[Date Prev][Date Next][Thread Prev][Thread Next][Date Index][Thread Index]

BUG: libxenlight fails to grant permission to access Intel IGD Opregion


  • To: xen-devel@xxxxxxxxxxxxx
  • From: Chuck Zmudzinski <brchuckz@xxxxxxxxxxxx>
  • Date: Fri, 11 Mar 2022 00:01:23 -0500
  • Delivery-date: Fri, 11 Mar 2022 05:15:19 +0000
  • List-id: Xen developer discussion <xen-devel.lists.xenproject.org>

Hello,

Below is a proposed patch for a bug that I have noticed on
Debian versions of Xen going back to at least Xen 4.8, which
shipped with Debian 9 in 2017. In fact, the last Debian version
of Xen that did not have the bug was Xen 4.4 that shipped
with Debian 8 back in 2015. The bug causes passthrough of the Intel
IGD to a Linux HVM domain to fail.

On Debian BTS this is https://bugs.debian.org/cgi-bin/bugreport.cgi?bug=988333

I have provided a patch that fixes the bug on Xen-4.16 at the end of
this message.

A long time ago, during the development of Xen 4.5 in 2014,
two patches implemented a change to the way permission is
granted for an unprivileged domain to access PCI/VGA-related
I/O memory.
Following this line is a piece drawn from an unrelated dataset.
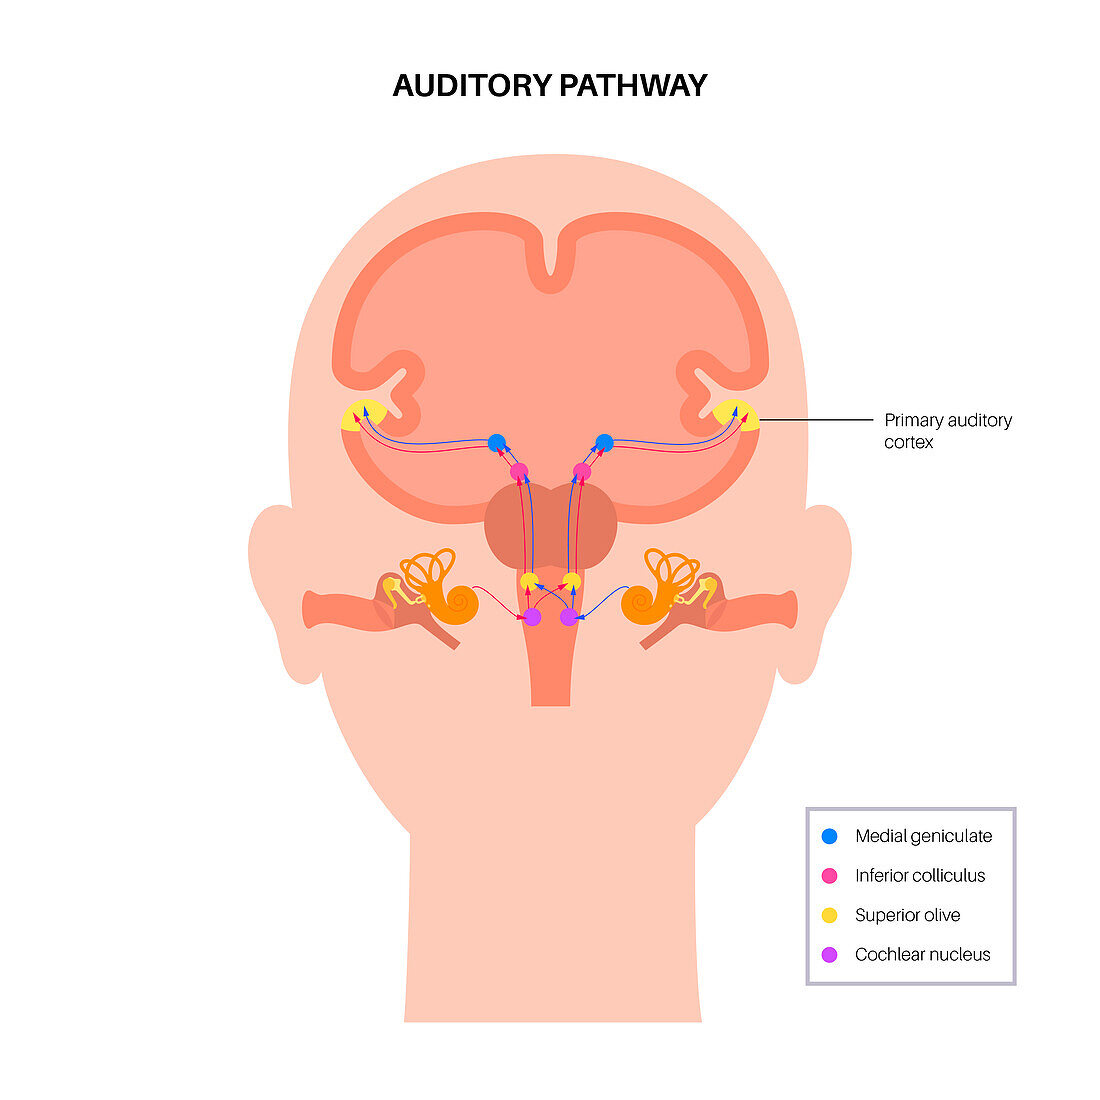 Auditory pathway, illustration
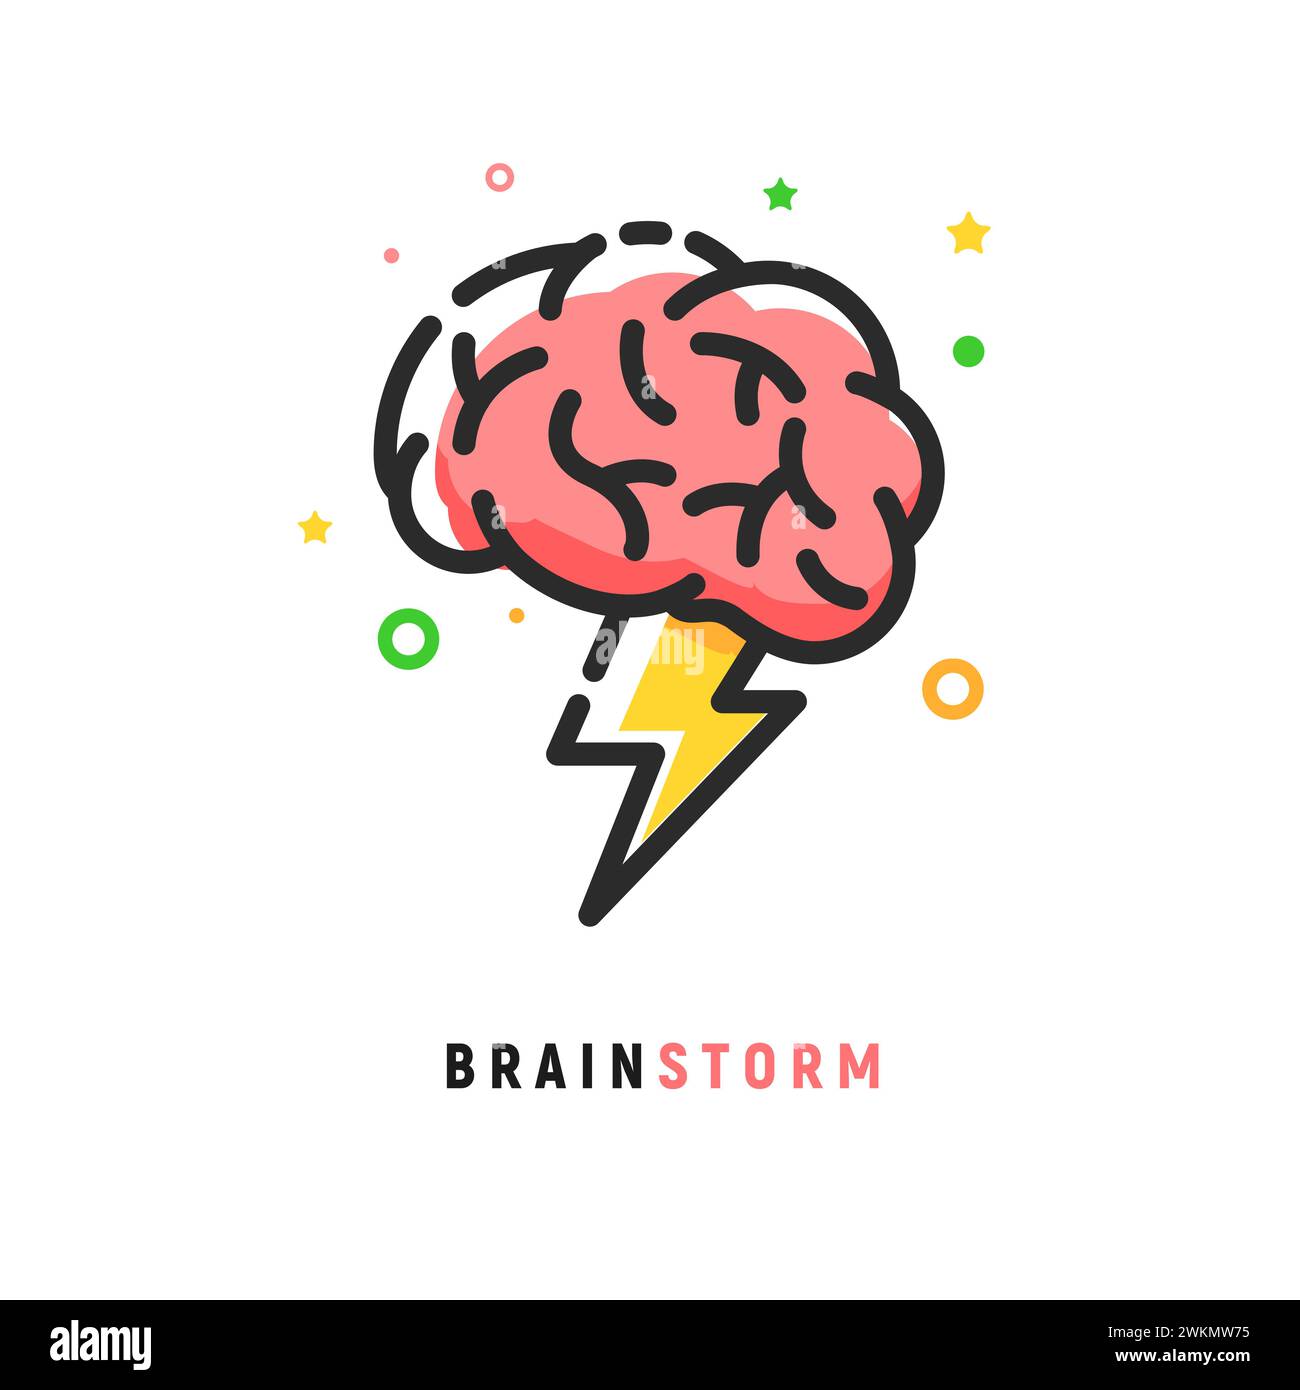 Brainstorm vector icon idea. Brain storm lighting power creative concept, mind illustration Stock Vector

Prior to this, AFAICT, permission was implicitly
granted to access the memory the domain requested when a
PCI device being passed to the domain was being configured.
After the change, permission to access such memory is not
granted without prior explicit permission being configured,
and this is still the current behavior.

The relevant patches are:

1. https://xenbits.xen.org/gitweb/?p=xen.git;a=commitdiff;h=abfb006f1ff4af1424e5b0d0589f0226377fda36

and

2. https://xenbits.xen.org/gitweb/?p=xen.git;a=commitdiff;h=0561e1f01e87b777bcc47971e4ae1f420314f4a0

I found these patches by brute force, building and testing various
versions of Xen 4.5-unstable until I found the patches that caused
passthrough of the Intel IGD to Linux to fail. I used the traditional
device model in my tests because back when Xen 4.5 was under
development, the upstream device model did not support Intel IGD
passthrough.

The first of these patches intended to implement explicit
granting of permission to access the I/O memory that is
needed to support the gfx_passthru feature in libxl_pci.c,
in the libxl__grant_vga_iomem_permission function. The second
patch implements the removal of implicit permission to access
the PCI/VGA-related I/O memory and causes requests to access
such memory by a domain to be denied unless prior explicit
permission had been configured.

Specifically, the first patch adds 32 (0x20) pages of data starting at
memory address (0xa0000 >> XC_PAGE_SHIFT) (in pages) to the memory the
domain is permitted to access. XC_PAGE_SHIFT is 12, so this memory
range shows up in the logs when running Xen 4.5 as:

memory_map:add: dom1 gfn=a0 mfn=a0 nr=20

But my testing of these old patches with added custom logging
shows that another two pages are needed:

memory_map:access not permitted: dom1 gfn=fdffc mfn=cc490 nr=2

The patch for custom logging was against the Xen-4.5 branch after the
second of the aforementioned patches was committed to Xen 4.5-unstable.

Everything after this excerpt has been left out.